Alignments in bam
format are sorted and duplicates marked with Picard
version 2.20.7. This consists of two steps:
- Sorting bams with
SortSam
with SORT_ORDER=coordinate
to specify that the input should be sorted by coordinate (used in the second step). - Marking duplicates for removal with
MarkDuplicates
.
In both steps, the flag VALIDATION_STRINGENCY=LENIENT
is used to specify a more relaxed validation stringency (relative to STRICT
). Refer to the Picard documentation for further details.

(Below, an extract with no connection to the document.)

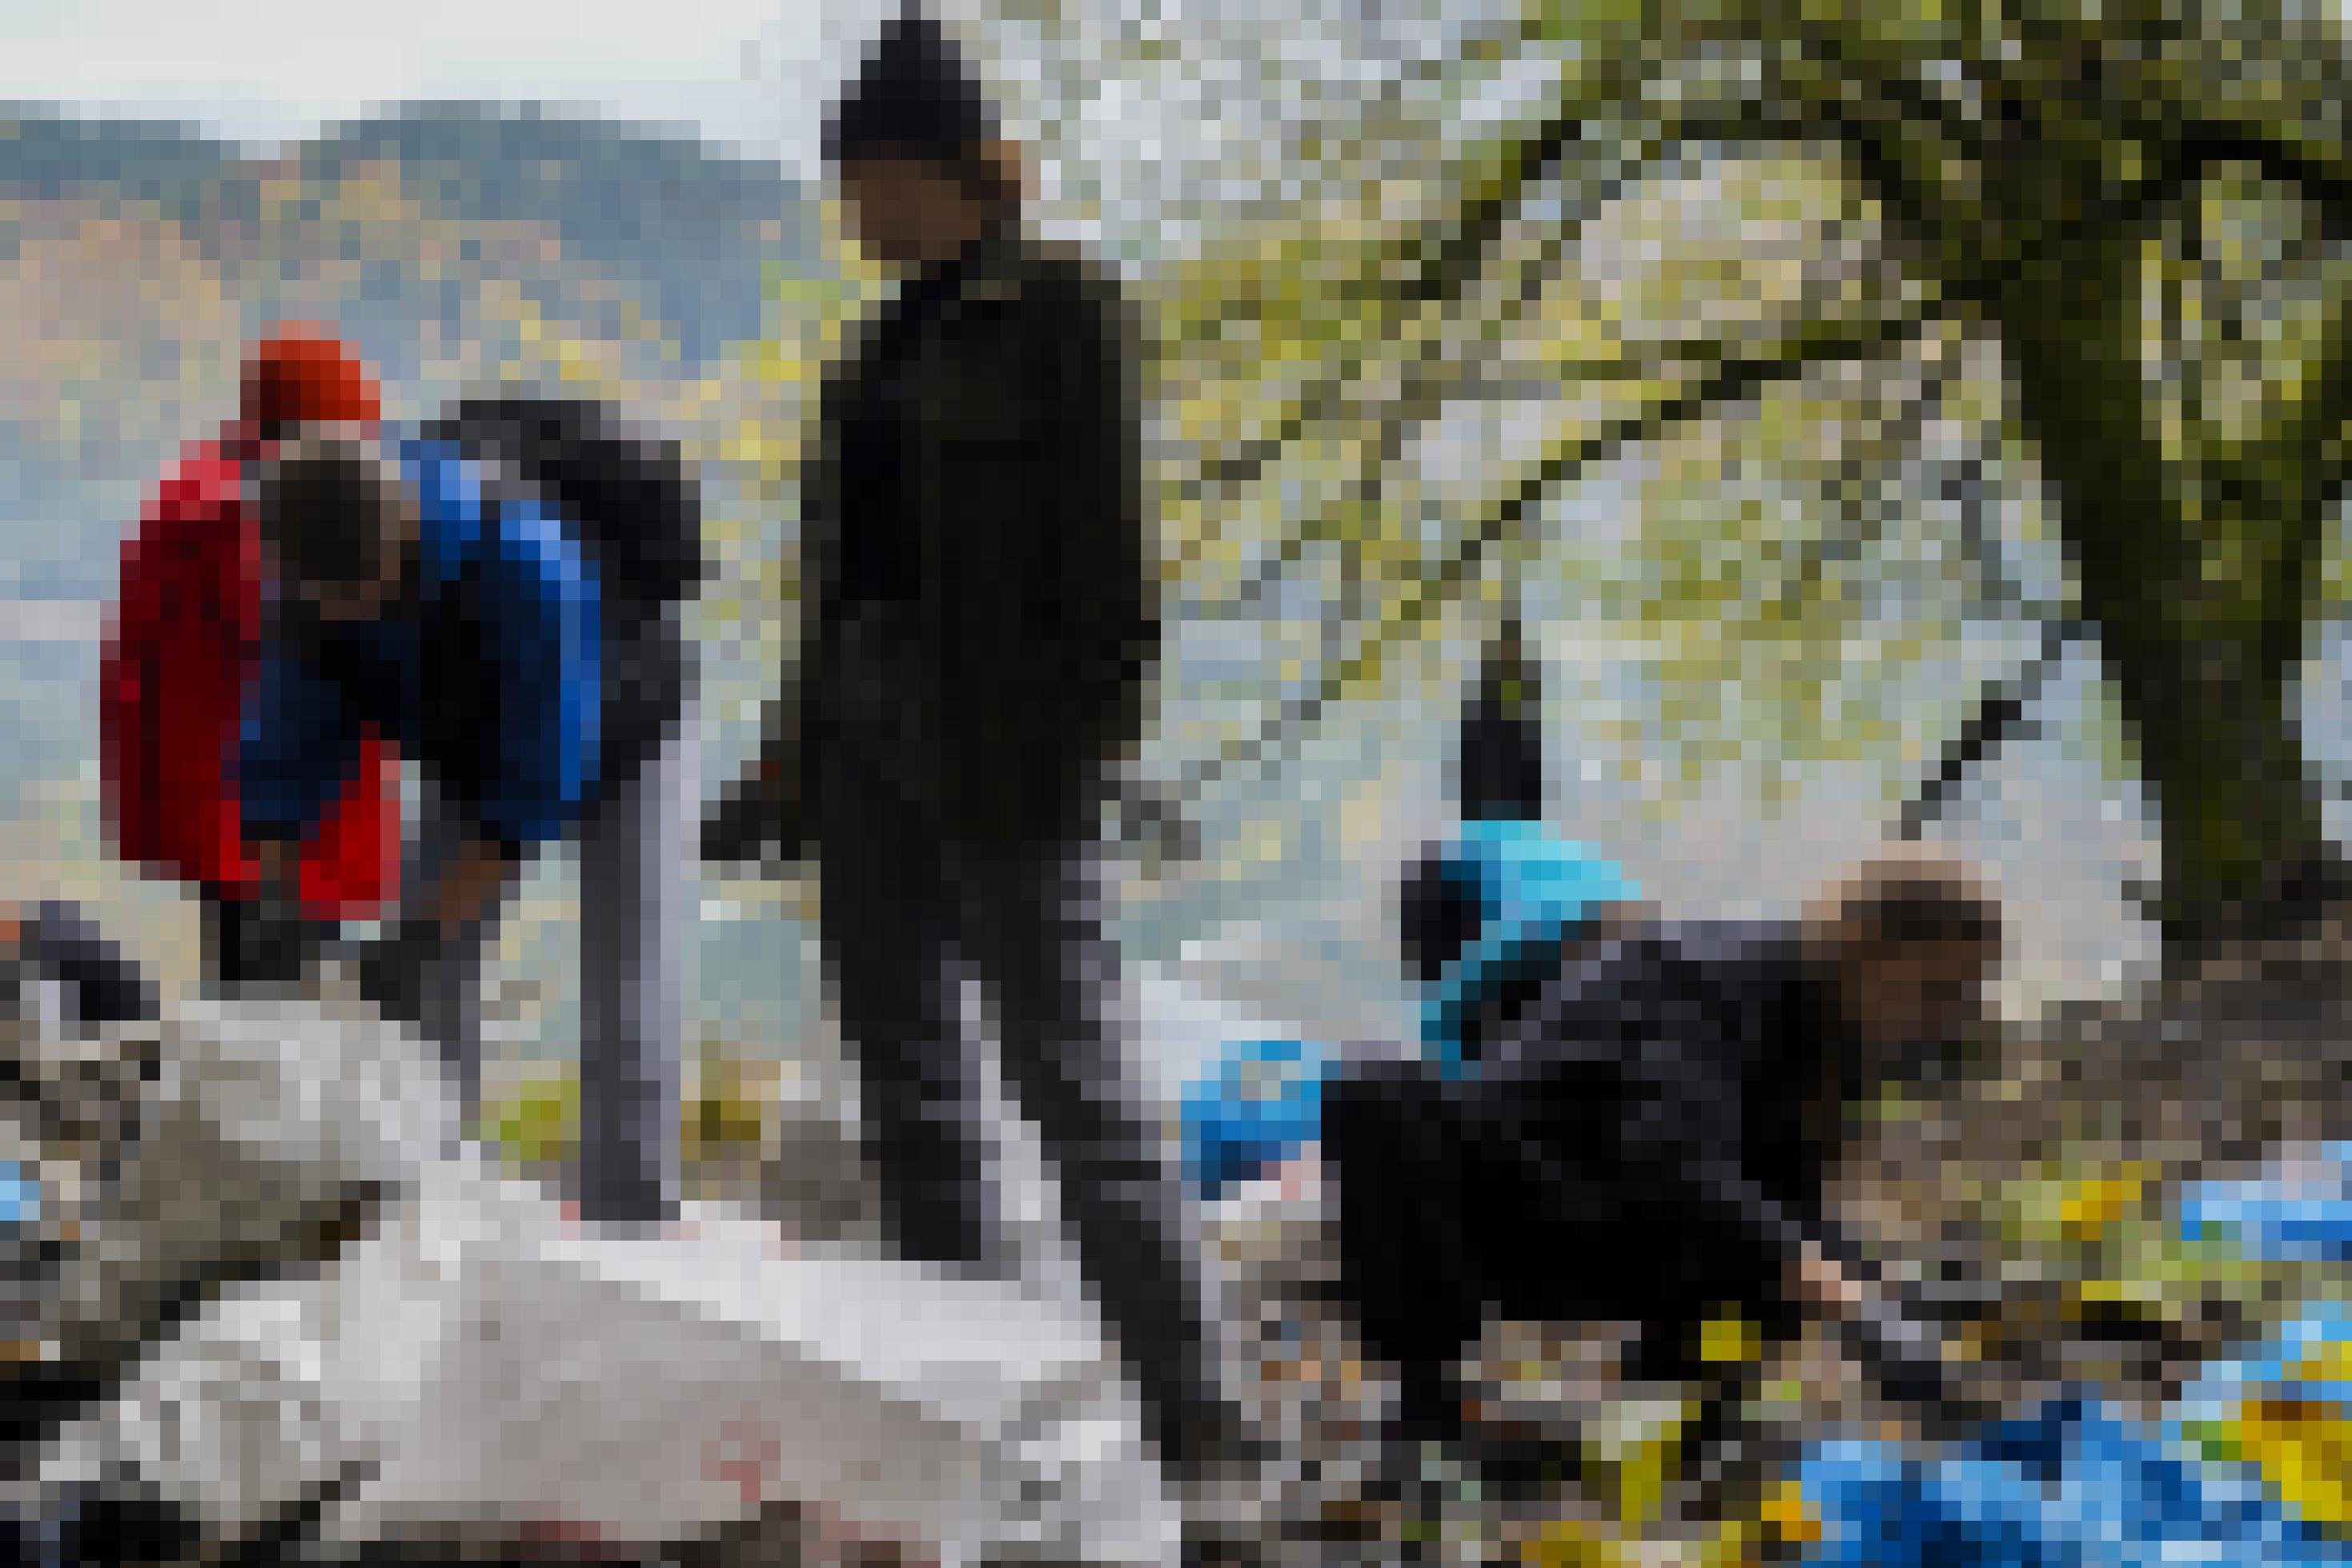 Menschen reinigen mit verschiedenen Müllsäcken den Waldboden in den Karpaten.
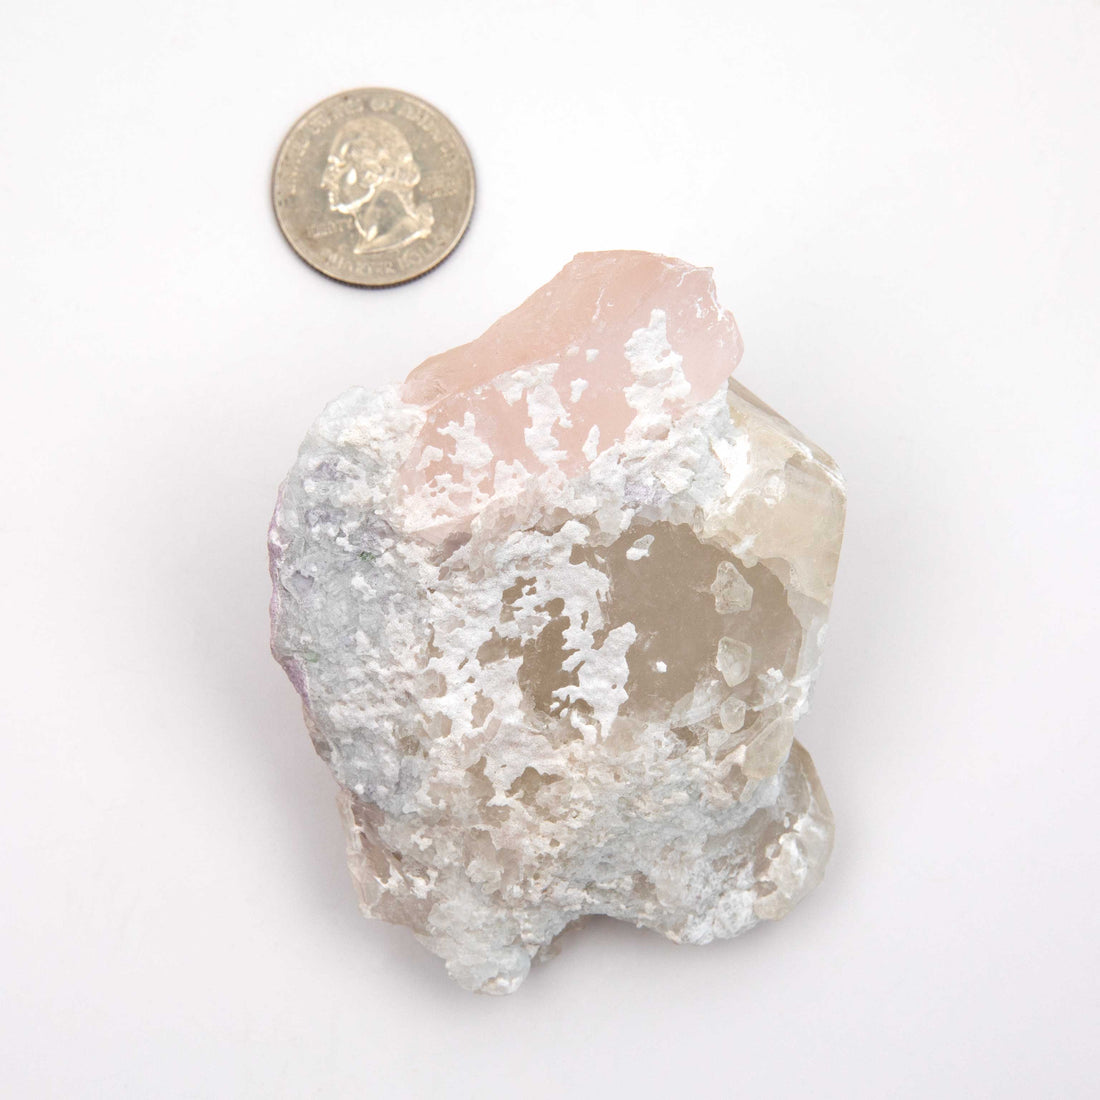 Beryl var. Morganite Terminated - on Quartz w/ Mica & Cleavelandite

Duplicates are then removed using samtools
version 1.9. Specifically, the command is:
samtools view -F 1024 -f 2 -b <input.bam>
-F 1024
omits reads marked as PCR or optical duplicates-f 2
restricts the results to reads mapped in a proper pair
The alignments are converted into bedpe
format using bedtools
version 2.29.0:
bedtools bamtobed -i <input.bam> -bedpe > <input.bedpe>
Finally, the files pass through a final set of cleaning and sorting recommended for peak calling with SEACR (see section below):
awk '$1==$4 && $1!="." && $6-$2 < 1000 {print $0}' <input.bedpe> | cut -f 1-6 | sort -k1,1 -k2,2n -k3,3n
awk '$1==$4
specifies that mates must be located on the same chromosome,$1!="."
specifies that mates cannot be null,$6-$2 < 1000
specifies that mates' matched ends cannot be more than 1000 bases apart, andcut -f 1-6
retains only the first six columns of the bam file.